Gall induction requires an efficient host plant finding by the sawfly female. Due to her high sensitivity to variations of the host plant quality, the female is able to locate very reliably the plant tissue for oviposition. Gall induction and oviposition occur according to the following pattern: 1. selection of the host plant species, 2. selection of the host plant individual, 3. localization of the plant tissue for oviposition, 4. injection of the cecidogenous fluid, 5. egg deposition (sometimes no egg was laid).
Gall induction and oviposition are not separated temporally from each other in Euura and most Pontania species, occurring shortly after the female has inserted her saw-like ovipositor into the plant tissue. In contrast, females of the Pontania dolichura-group and particularly of the genus Phyllocolpa, perform a more or less complex procedure of gall initiation before oviposition.
Females of Pontania oviposit exclusively on longitudinally folded leaves of the apical bundle of a growing shoot, inserting their saw once through the midrib of the leaf (often side rib in the proxima-group). In general only a single egg is laid into the mesophyll tissue by a simultaneous injection of the cecidogenous fluid. Pontania species induce four different types of closed galls, exclusively on the leaves of their host plants: thick-walled, elongated sausage-shaped galls on the upper surface of the leaf; thin-walled, kidney-shaped spacious galls transected horizontally by the leaf blade; thick-walled, bean-shaped galls with a narrow cavity, transected horizontally by the leaf blade; and thin to thick-walled, pea-shaped galls at the underside of the leaf.
Oviposition of Euura occurs at different organs of their host plants, dependent on the particular gall-type of the species. Bud-gallers oviposit only into new flower buds of the next year, arising in the axis of young leaves. Similar to Pontania leaf-gallers, oviposition of stem gallers occurs at the apical bundle of longitudinally folded leaves. However, the females of this guild insert their long ovipositor through the base of unfolded leaves into the young, very succulent stem. The females of gall-formers which induce petiole- or midrib-galls insert their ovipositor into the suitable plant tissue of one of the longitudinally folded leaves of the apical bundle.
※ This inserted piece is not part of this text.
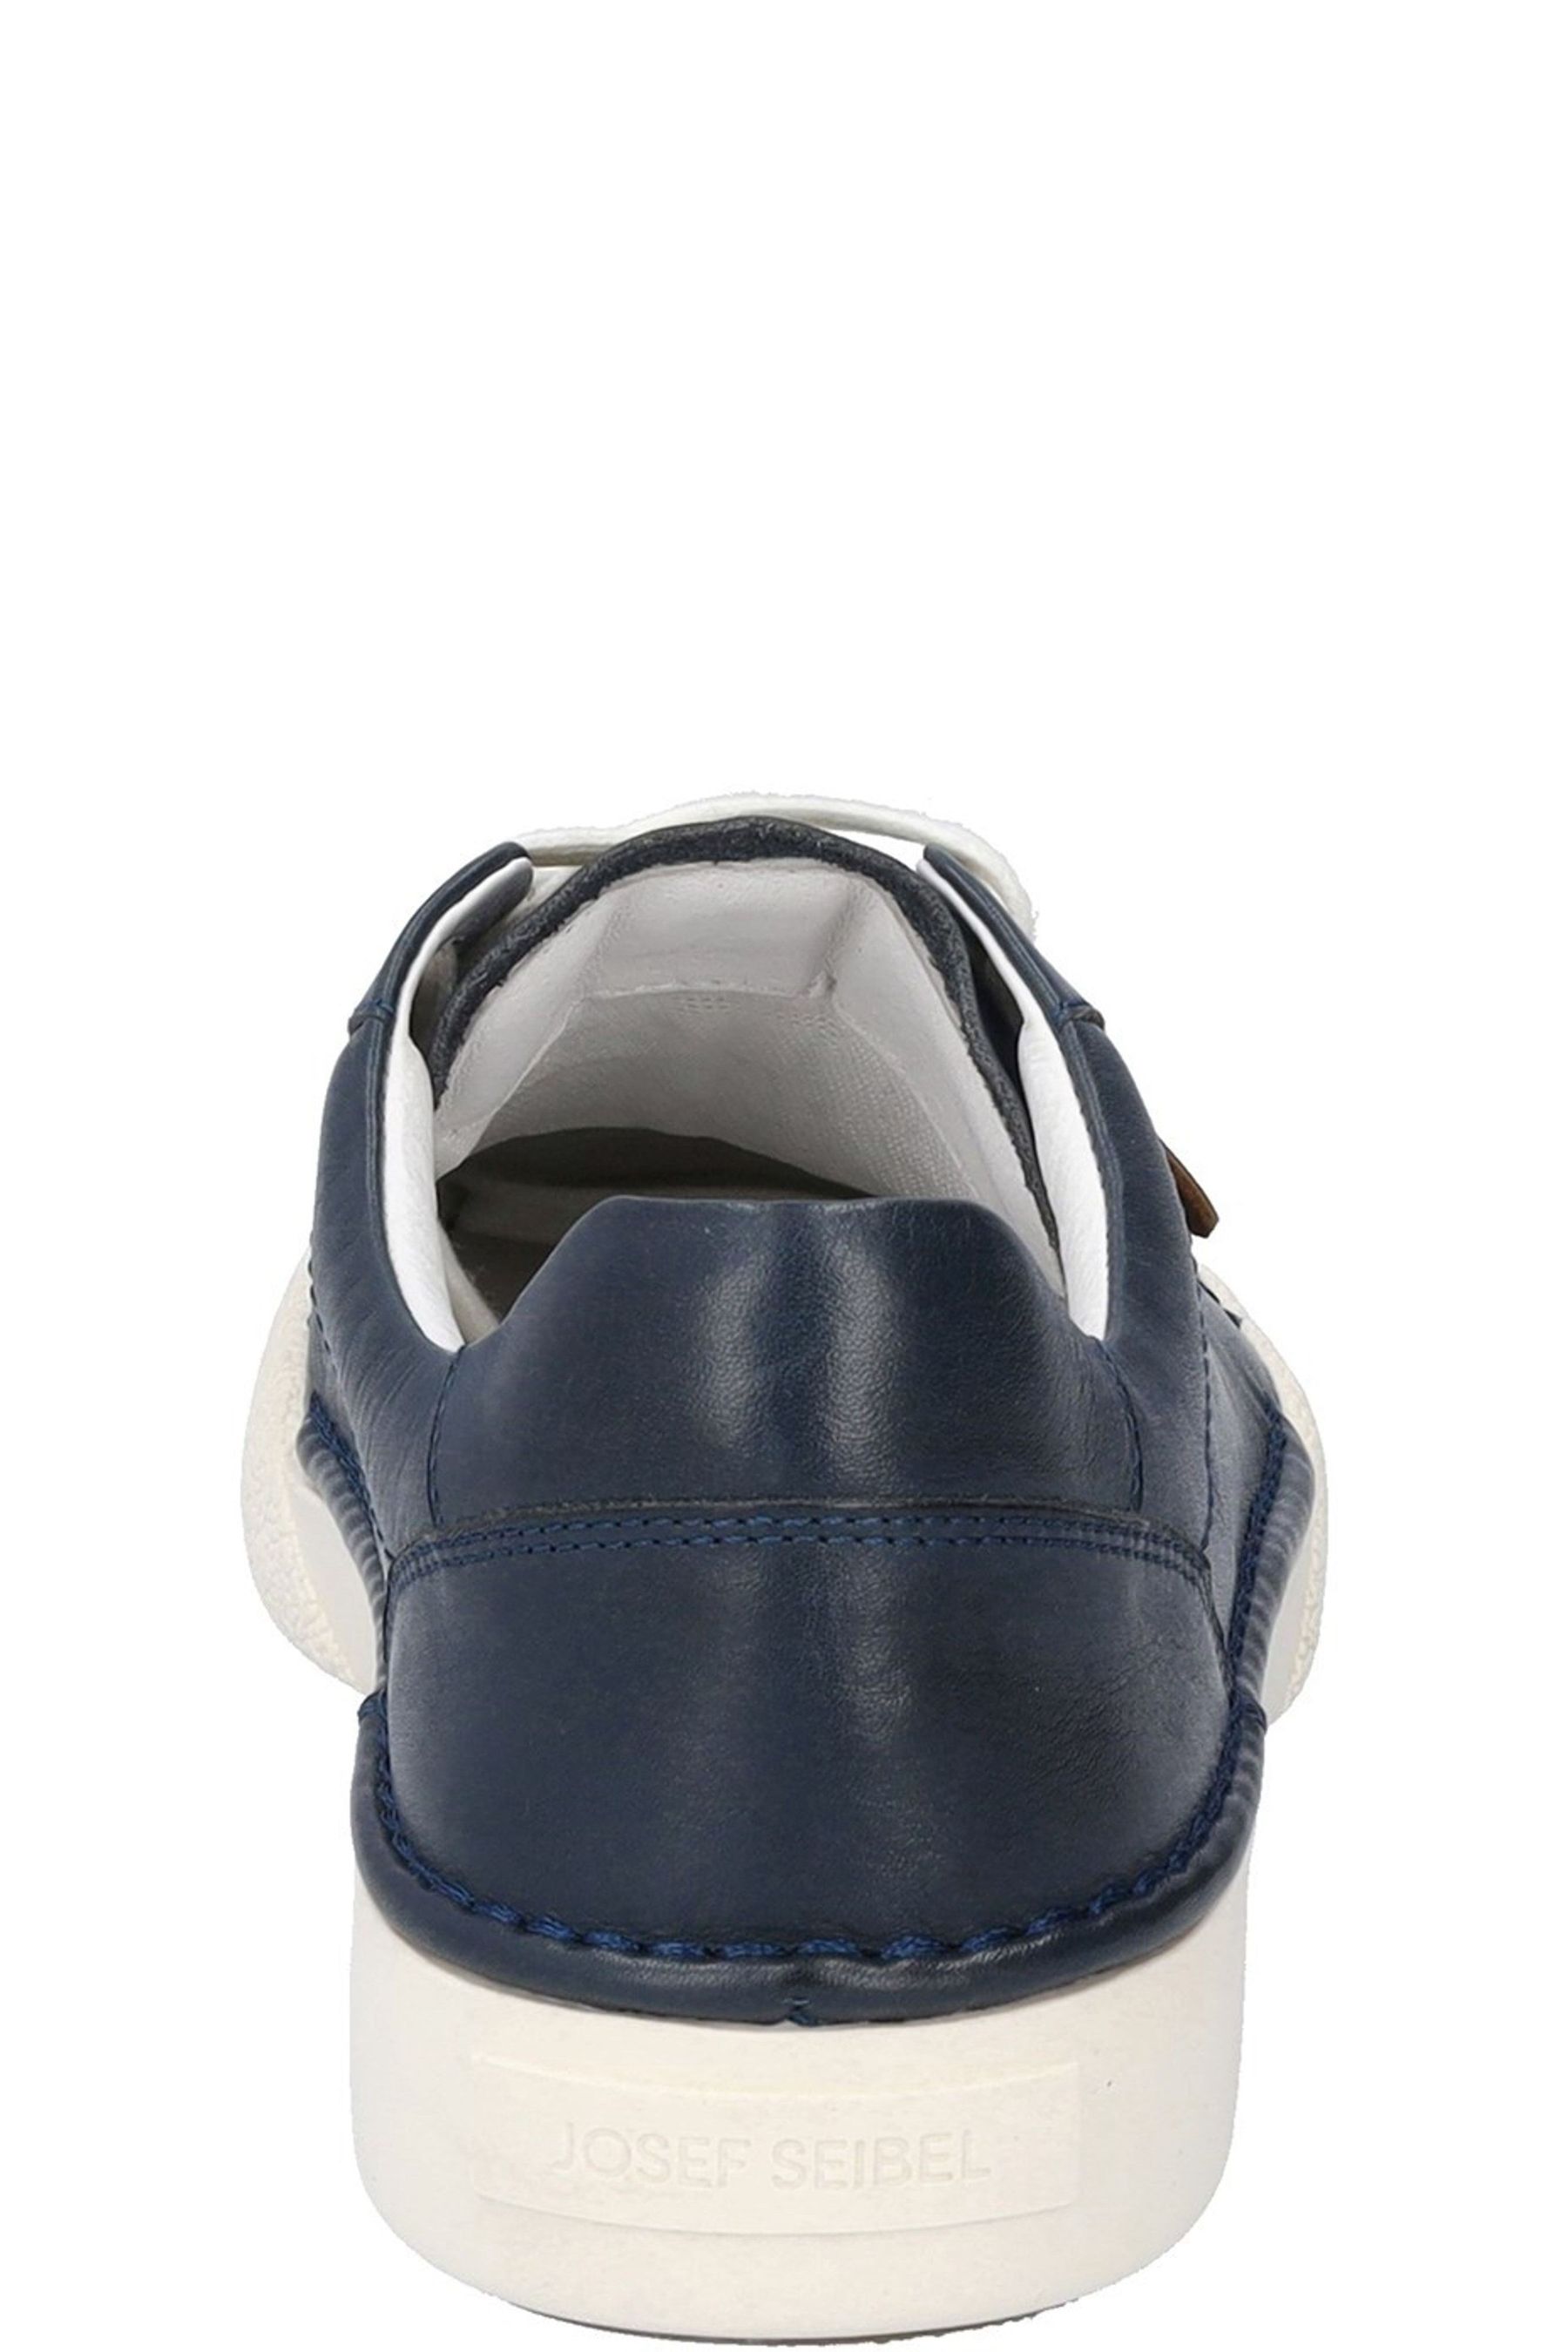 Buy Josef Seibel Blue Claire Trainers from the Next UK online shop

In contrast, the species of the genus Phyllocolpa exhibit the most complex behaviour of gall induction. Oviposition occurs at one of the still folded leaves of the apical bundle or at one of the freshly unfolded young leaves below the apical bundle, depending on the species. The females induce simple or twisted leaf folds along the edge of young willow leaves, resulting from a swelling which is caused by multiple ovipositor insertions.
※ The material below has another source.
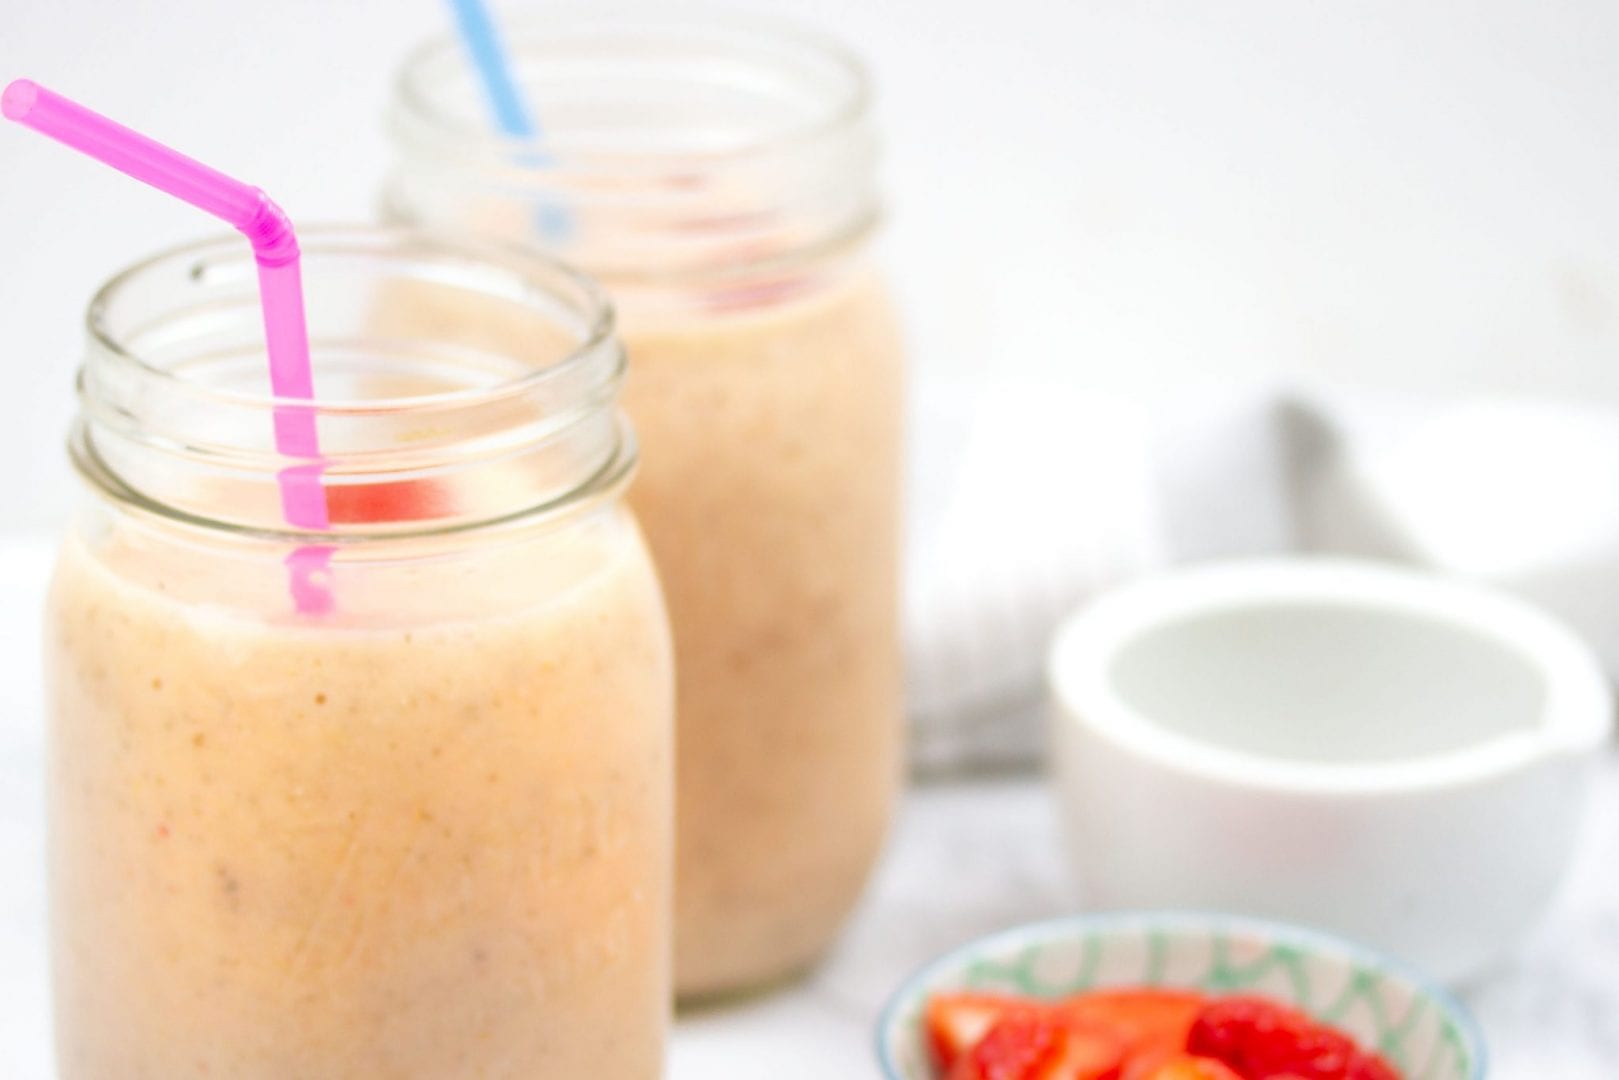 banana smoothies - kids smoothies - baby first foods - mango coconut and banana smoothies

Gall formations can be induced only at viable plant parts. They can develop either during the entire vegetation period or only in temporally limited phases, depending on the generation sequence of the inducer or his inclination for a certain developmental stage of the plant. Gall formation is indispensable for a successful reproduction, demonstrating the particularly close relationship of the inducer to his host plant.
Host plant specificity
The species of Pontania, Euura, and Phyllocolpa always select specific, viable plant parts for oviposition, initiating gall formation by secreting the cecidogenous fluid of the accessory glands through the ovipositor. A prerequisite for an unimpaired gall formation is a precise placing and dosage of the cecidogenous fluid by the female, causing specific physiological procedures in the plant which stimulate and control the growth of the gall. The success of the female is primarily based on her ability to locate exactly the plant tissue for gall induction and oviposition. The oviposition mode as well as the composition of the cecidogenous fluid may have a relevant influence on the shape of the gall.
Gall formation of sawflies is normally initiated by the females during (Pontania, Euura) or before oviposition (Phyllocolpa). The sawfly female injects the cecidogenous fluid of its accessory glands into the meristem tissue, in most species inducing a complete development of galls.
Sometimes hybrids are accepted by the gall formers. This was documented by galls of Pontania samolad
and those of P. arcticornis
next to each other on the leaves of the hybrid S. lapponum x phylicifolia
The ability to induce galls presupposes a functioning interaction of the cecidogenous secretion of the gall-former and the pysiological characteristics of the host plant, i.e. only with suitable host plants an unimpaired gall formation may occur which ensures the development of the sawfly larva. Therefore, the acceptance of the host plant depends on various factors, e.g. certain plant defence reactions, genetic changes, effects of hybridisation, and last but not least the high variabilities of biochemical characteristics (secondary compounds, in particular phenol glycosides).
A distinct host plant specificity can be understood as a prerequisite for successful reproduction, permitting only the attack of a single host plant species and, occasionally, of its hybrids. The latter was documented by galls of Pontania samolad and those of P. arcticornis next to each other on the leaves of the hybrid S. lapponum x phylicifolia. The galls differed clearly by their specific shape which appeared unchanged on the hairy leaves of this willow hybrid: the galls of P. samolad were typically pea-shaped and hairy, whereas the galls of P. arcticornis on the same leaf were often exceptionally bizarre and completely glabrous.